On 11 November 1572, he emerged into the dark of the early evening, after a long stint of alchemical experimentation, and his first glance at the sky showed him an extra star in the constellation of Cassiopeia, almost directly overhead. He instantly summoned his chemical assistant to confirm that the star really was there. He was not the first to see the new star (a supernova) but his observations of it (published in 1574) did much to prove beyond reasonable doubt that the star really belonged to the firmament and was not merely a local phenomenon in the sublunary world (as comets were generally believed to be). The star is now usually known as 'Tycho's supernova'. It turned Tycho's interest back to astronomy.

With financial help from the King of Denmark, he went on to set up a purpose-built observatory, on the island of Hveen in Copenhagen Sound. The observatory, called Uraniborg, was equipped with exceptionally large and accurate instruments (and with an alchemical laboratory in its basement). At Uraniborg Tycho made twenty years' worth of astronomical observations. After quarrelling with the new King, Tycho closed down his observatory and sought a place for himself and his instruments at various courts.

In 1599 he was appointed Imperial Mathematician to the Holy Roman Emperor, Rudolph II, in Prague. Johannes Kepler (1571 -1630) joined him as an assistant, to help with mathematical calculations. Tycho intended that this work should prove the truth of his cosmological model, in which the Earth (with the Moon in orbit around it) was at rest in the centre of the Universe and the Sun went round the Earth (all other planets being in orbit about the Sun and thus carried round with it).

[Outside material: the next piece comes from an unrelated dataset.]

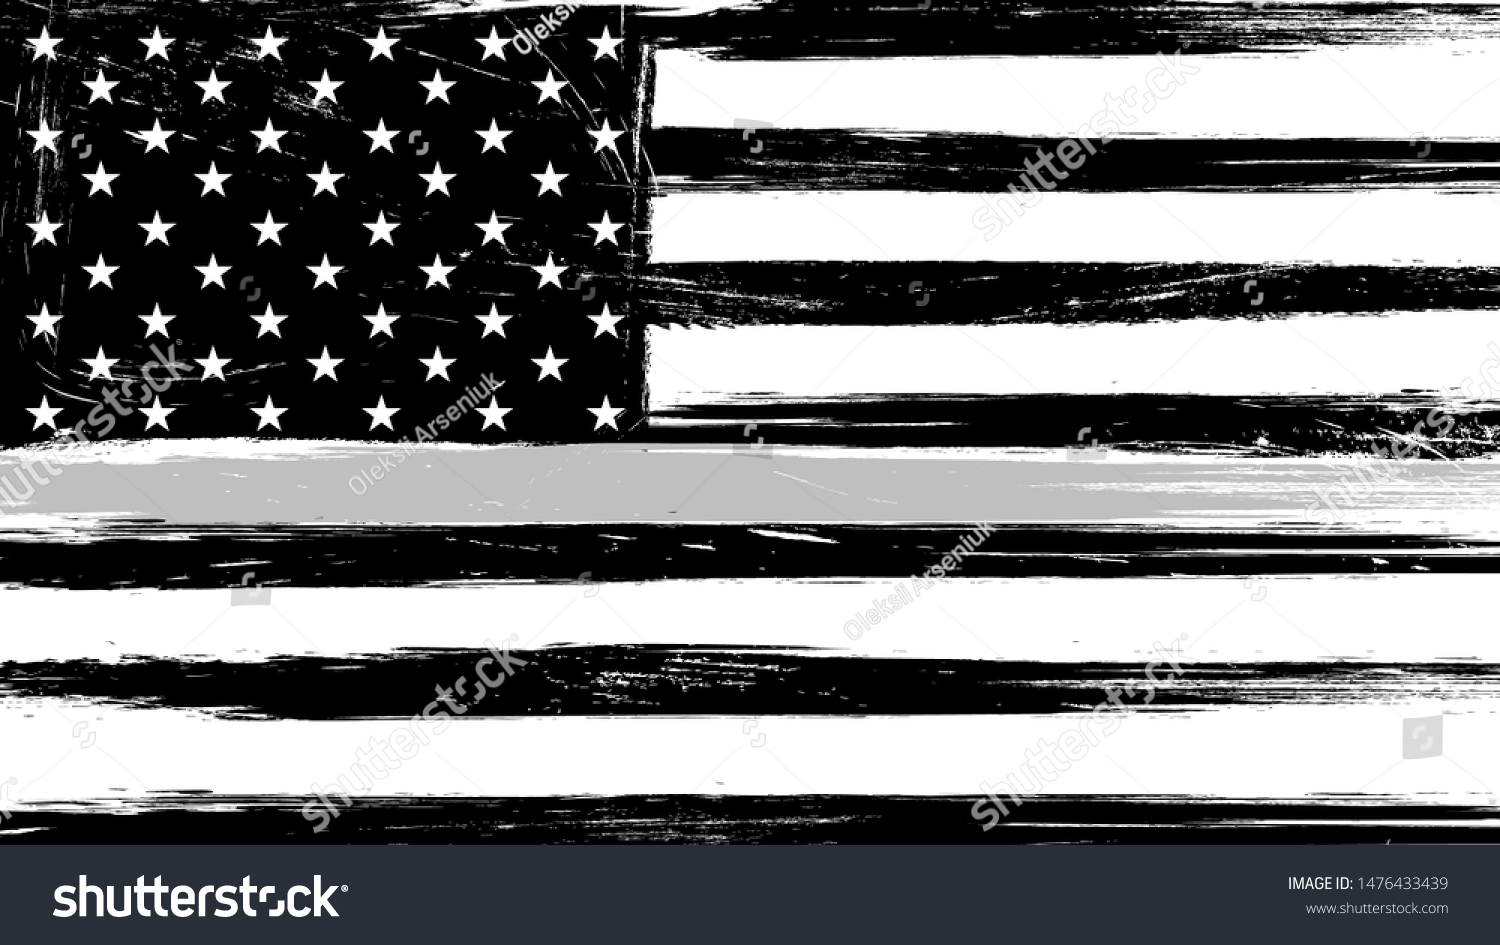 SVG of Grunge USA flag with a thin gray or silver line - a sign to honor and respect american correctional officers, prison guards and jailers svg
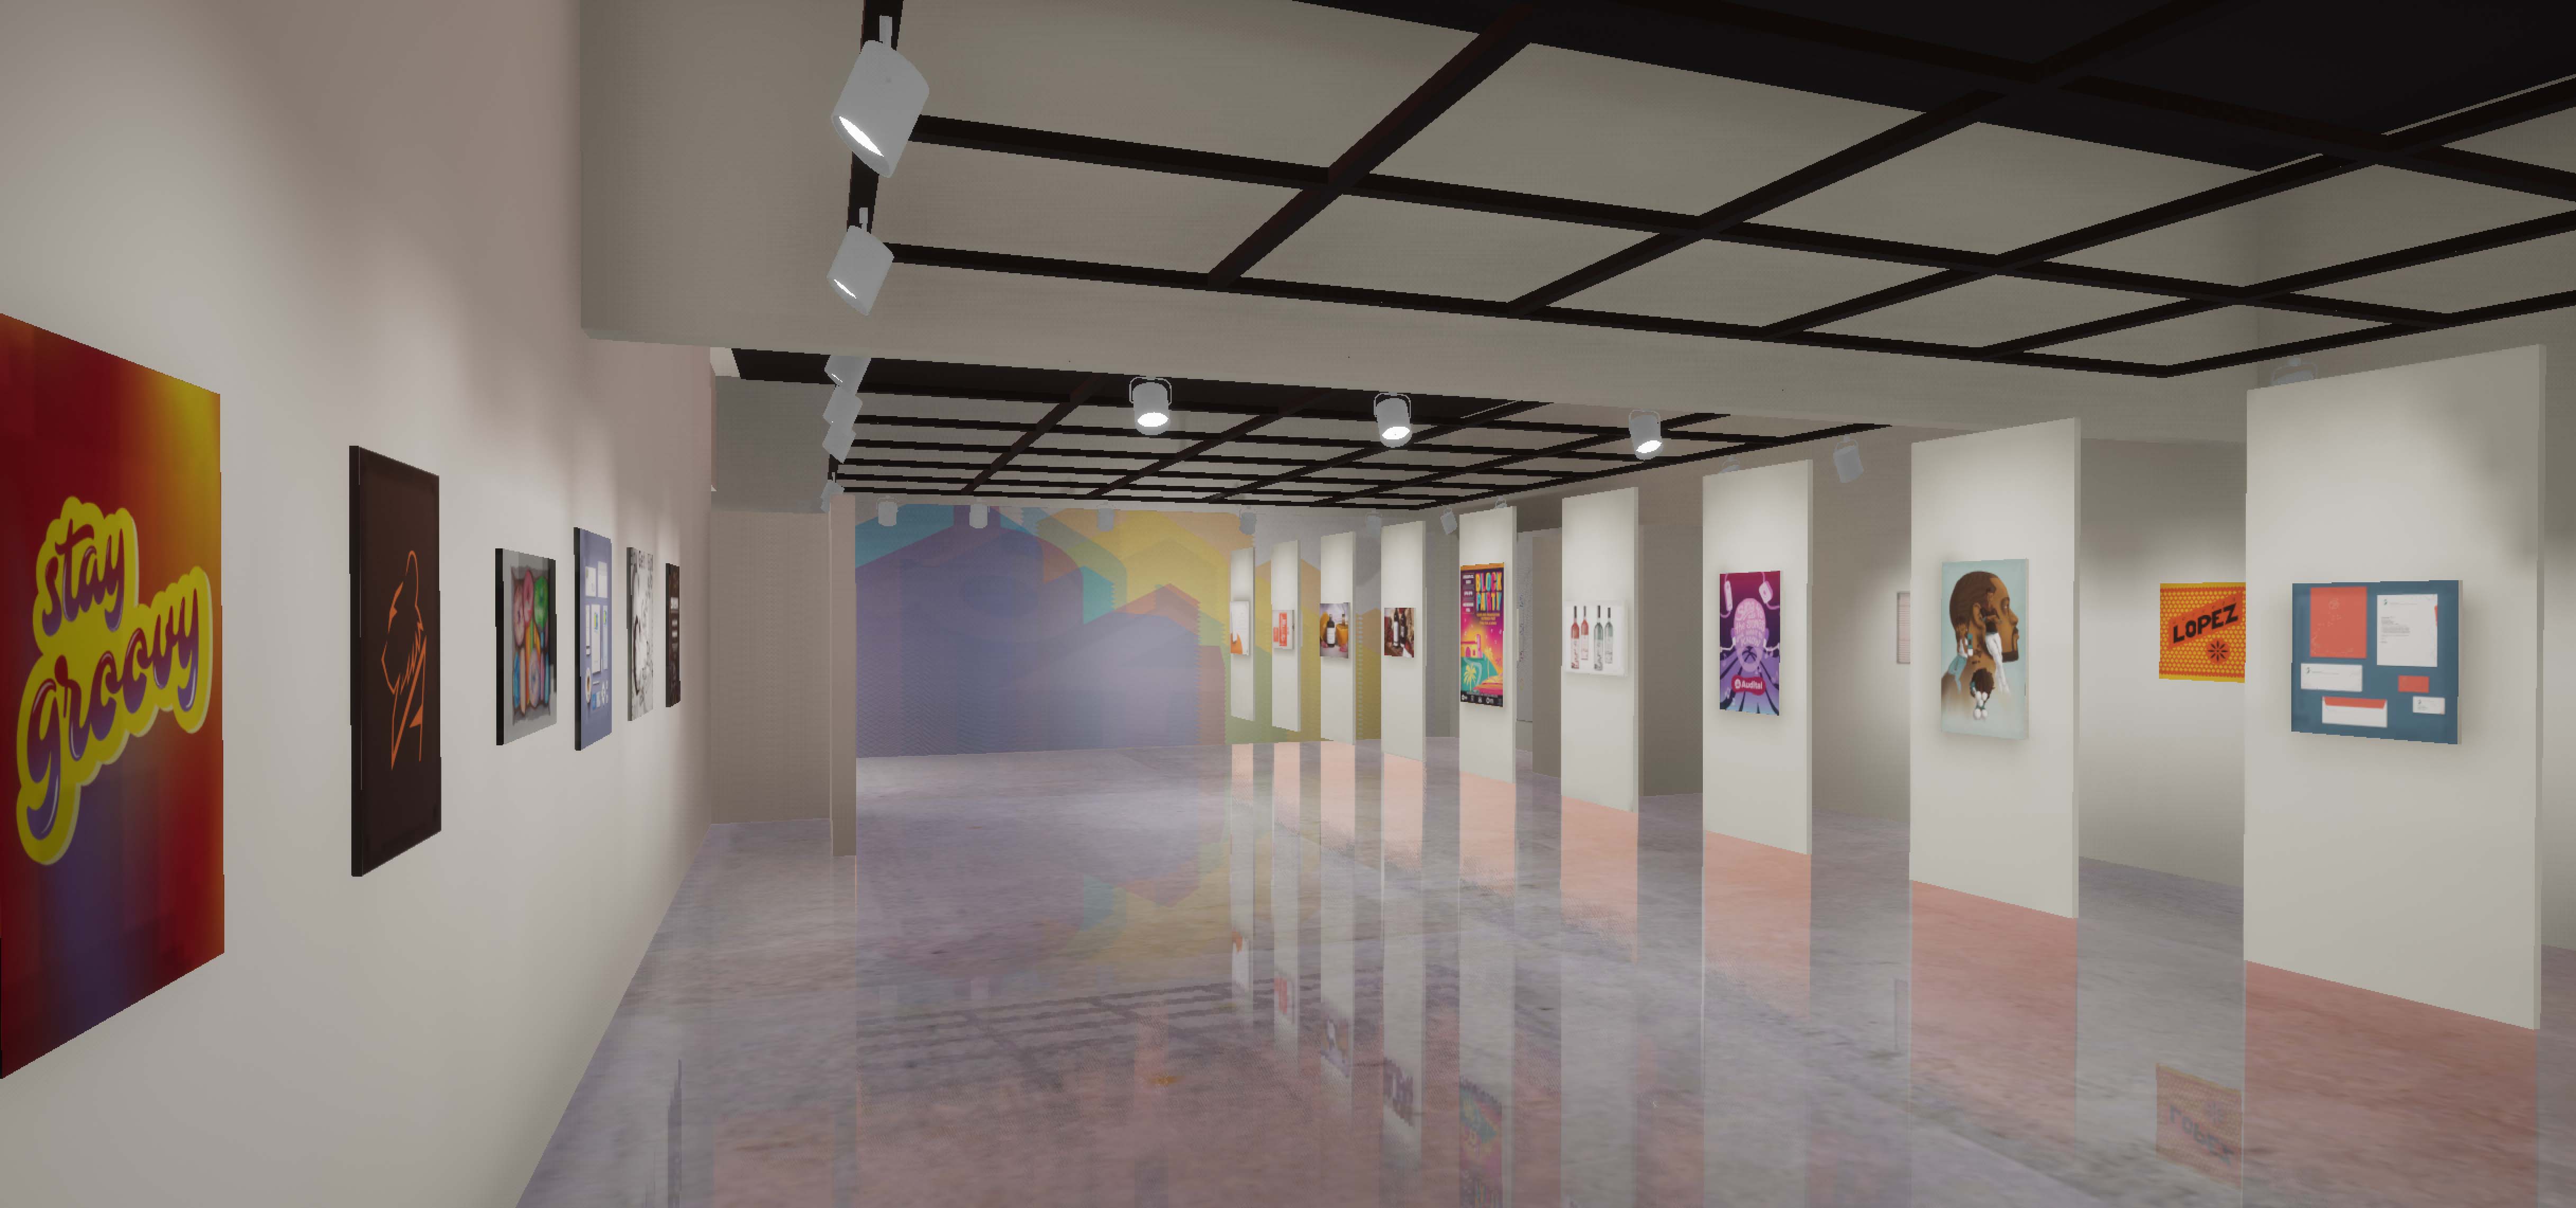 Image of virtual 3d gallery. Various 2d work is mounted on gallery walls.

When Tycho died, Kepler succeeded him as Imperial Mathematician. Tycho's observations of planetary positions, which were made using instruments with open sights (a telescope was not used for astronomy until about 1609), were much more accurate than any made by his predecessors. They allowed Kepler, who (unlike Tycho) was a convinced follower of Copernicus, to deduce his three laws of planetary motion (1609, 1619) and to construct astronomical tables, the Rudolphine Tables (Ulm, 1627), whose enduring accuracy did much to persuade astronomers of the correctness of the Copernican theory. However, until at least the mid-seventeenth century, Tycho's model of the planetary system was that favoured by most astronomers. It had the advantage of avoiding the problems introduced by ascribing motion to the Earth.